Exercise directions —
Output the listing word for word, minus pictures.

Raw data —
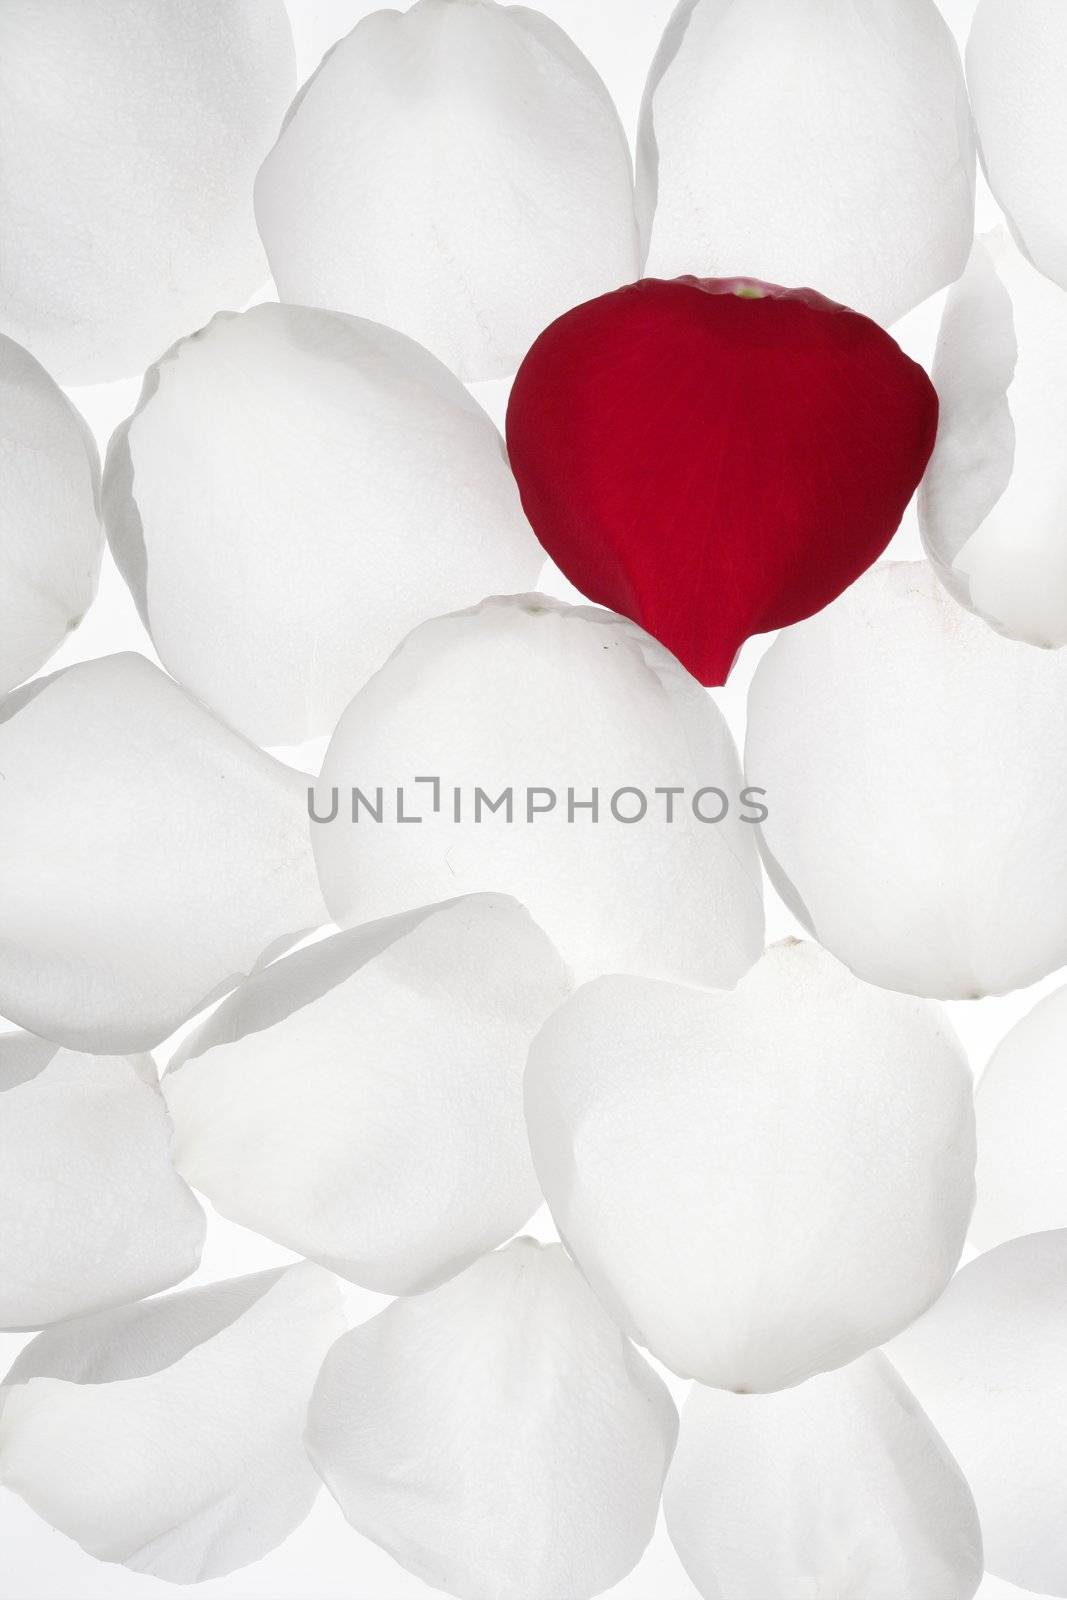 Unique, alone red rose petal between white pattern tranparent wallpaper
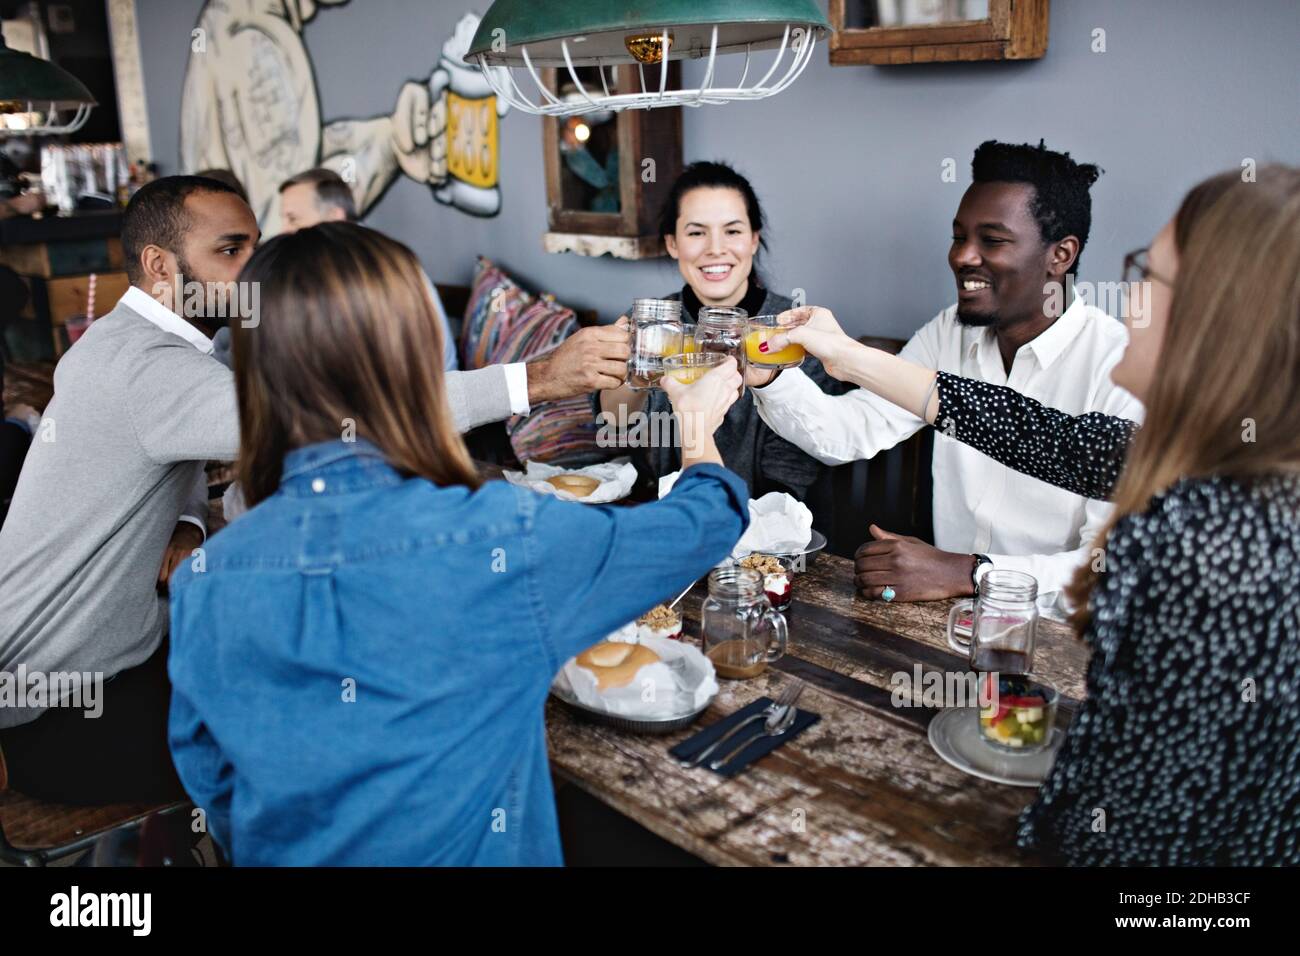 Happy friends toasting drink while sitting at dining table in restaurant Stock Photo
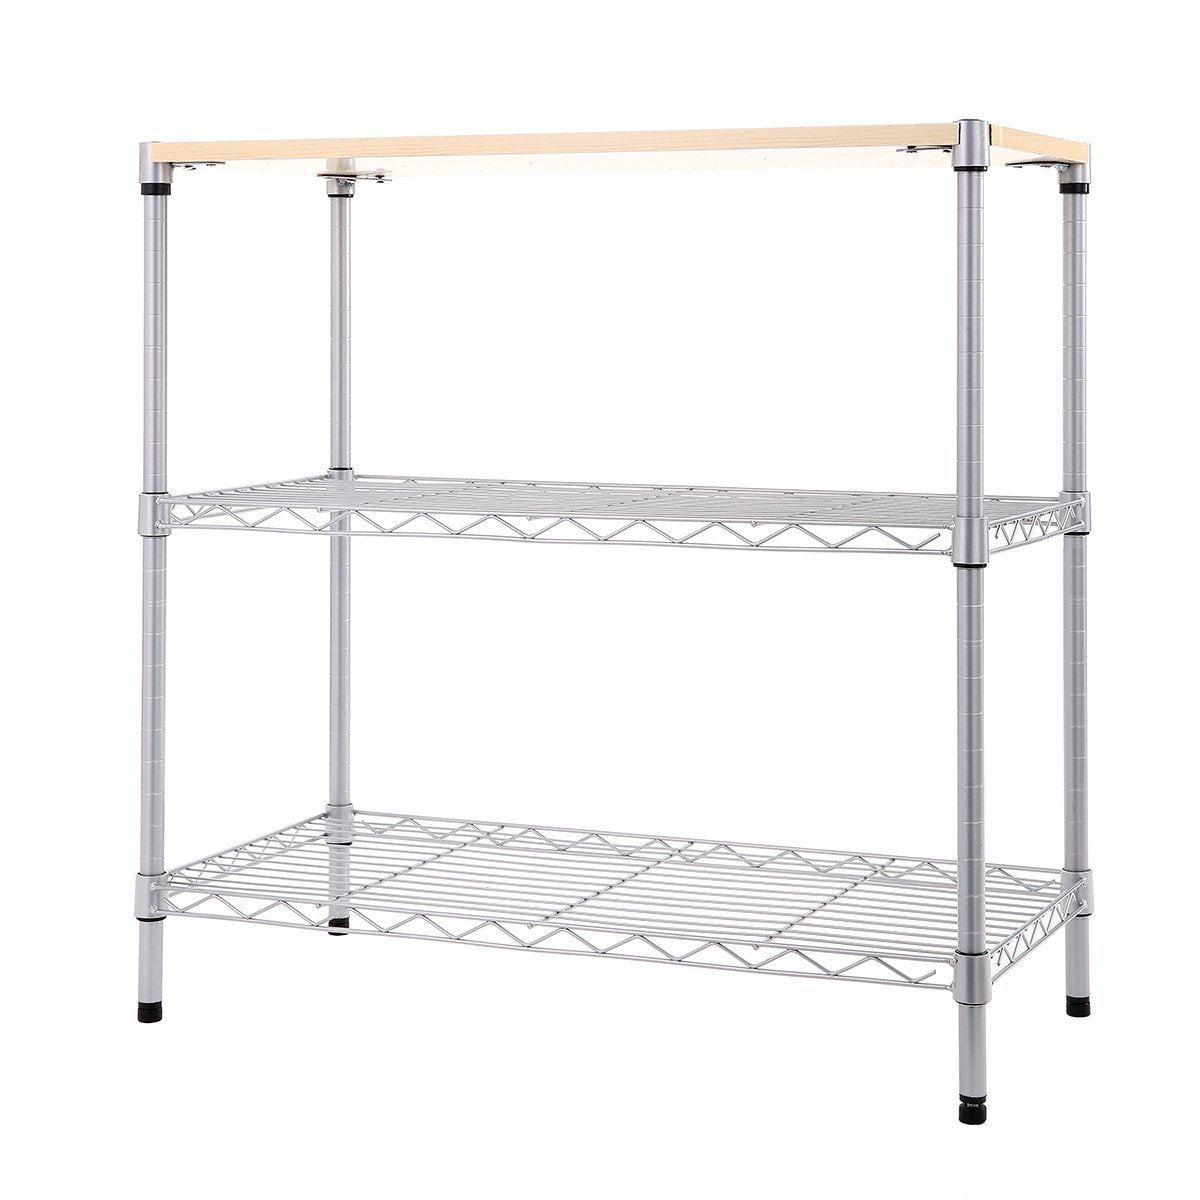 Hive 3 Tier Wire Shelving Home, Metro Shelving Wood Top

Worked solution —
 Unique, alone red rose petal between white pattern tranparent wallpaper
 Happy friends toasting drink while sitting at dining table in restaurant Stock Photo
 Hive 3 Tier Wire Shelving Home, Metro Shelving Wood Top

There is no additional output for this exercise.